American Heart Association Adds Depression as Fourth Major Risk Factor for Heart Disease
"Recently, the American Heart Association added depression as the fourth major risk factor for coronary artery disease, right? So alongside the risk factors that we know: hypertension, high blood pressure, hyperlipidemia, high cholesterol, and diabetes, you know, high blood sugar. Those three have been on the list for a long time, and depression ended up, you know, being added to the list as the fourth one."
About this episode
In this Huberman Lab Essentials episode, host Andrew Huberman interviewed Dr. Nolan Williams, a Stanford psychiatrist and neurologist specializing in treatment-resistant depression and brain stimulation technologies. The conversation centered on revolutionary approaches to treating severe depression, particularly Williams' Stanford Neuromodulation Therapy (SNT), which achieves 60-90% remission rates within 1-5 days by compressing 7.5 months of traditional TMS treatment into an intensive protocol. Williams revealed the American Heart Association recently added depression as the fourth major cardiovascular risk factor alongside hypertension, cholesterol, and diabetes, underscoring depression's systemic health impact. The discussion challenged foundational psychiatric assumptions, with Williams explicitly stating the chemical imbalance theory is false and proposing 'Psychiatry 3.0' focused on correctable brain circuits rather than serotonin deficits or irreversible childhood trauma.
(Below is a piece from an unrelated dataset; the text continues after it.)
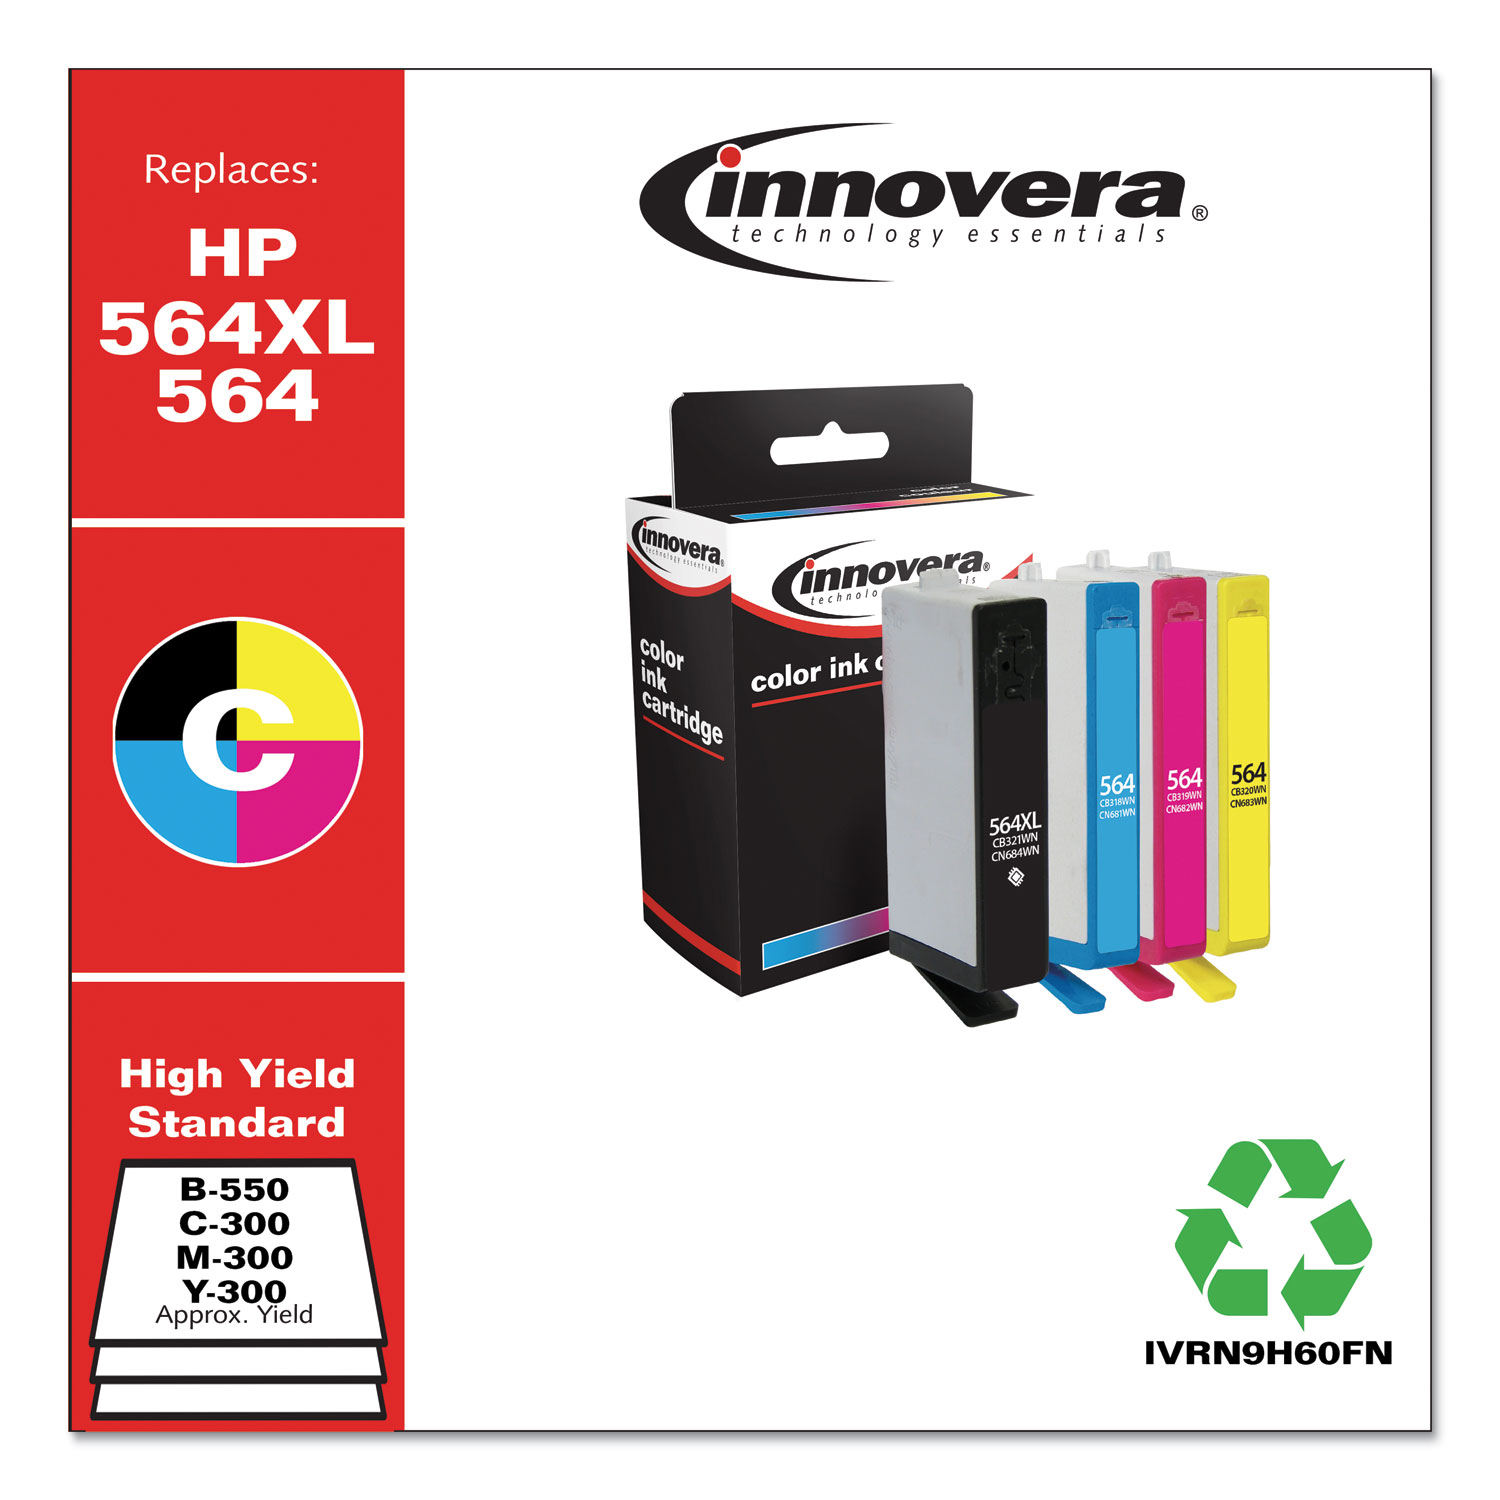  Innovera IVRN9H60FN Remanufactured Black/Cyan/Magenta/Yellow Ink, Replacement for HP 564XL/564 (N9H60FN), 550/300 Page-Yield (IVRN9H60FN)

Williams presented first-in-human ibogaine research with Navy SEALs and special forces veterans, reporting dramatic resolution of moral injury and PTSD symptoms after 24-36 hour sessions described as 'ten years of psychotherapy in a night.' The conversation covered psilocybin trials showing two-thirds clinical improvement in depression, MDMA's efficacy for PTSD with effects lasting years, and a Brazilian prison study demonstrating ayahuasca reduced recidivism rates. Williams emphasized these substances should never be recreational and require strict medical supervision, positioning psychedelic-assisted therapy as a potential breakthrough combining drug effects with psychotherapeutic processing. Throughout, he stressed the importance of rigorous clinical trials and treating depression as a fixable electrophysiological problem rather than permanent deficiency.
Key takeaways
- Williams' Stanford accelerated TMS protocol achieves 60-90% depression remission within 5 days by delivering 90 minutes of stimulation hourly across 50 total hours.
- First human ibogaine study with special forces veterans shows dramatic relief from moral injury and PTSD after 24-36 hour sessions inducing life review and self-forgiveness.
- American Heart Association recently added depression as the fourth major risk factor for heart disease alongside hypertension, cholesterol, and diabetes.
- Williams explicitly rejected the chemical imbalance theory of depression, stating psychiatry has long known it's false and proposing circuit-based 'Psychiatry 3.0' model.
- Brazilian prison research found ayahuasca sessions statistically reduced recidivism rates compared to control groups, suggesting behavioral change mechanisms.
- Psilocybin trials show two-thirds clinical improvement in treatment-resistant depression, with MDMA demonstrating similar efficacy for PTSD with multi-year durability.
- TMS research demonstrates direct brain-heart connections, with stimulation over mood regions capable of decelerating heart rate and affecting cardiac function.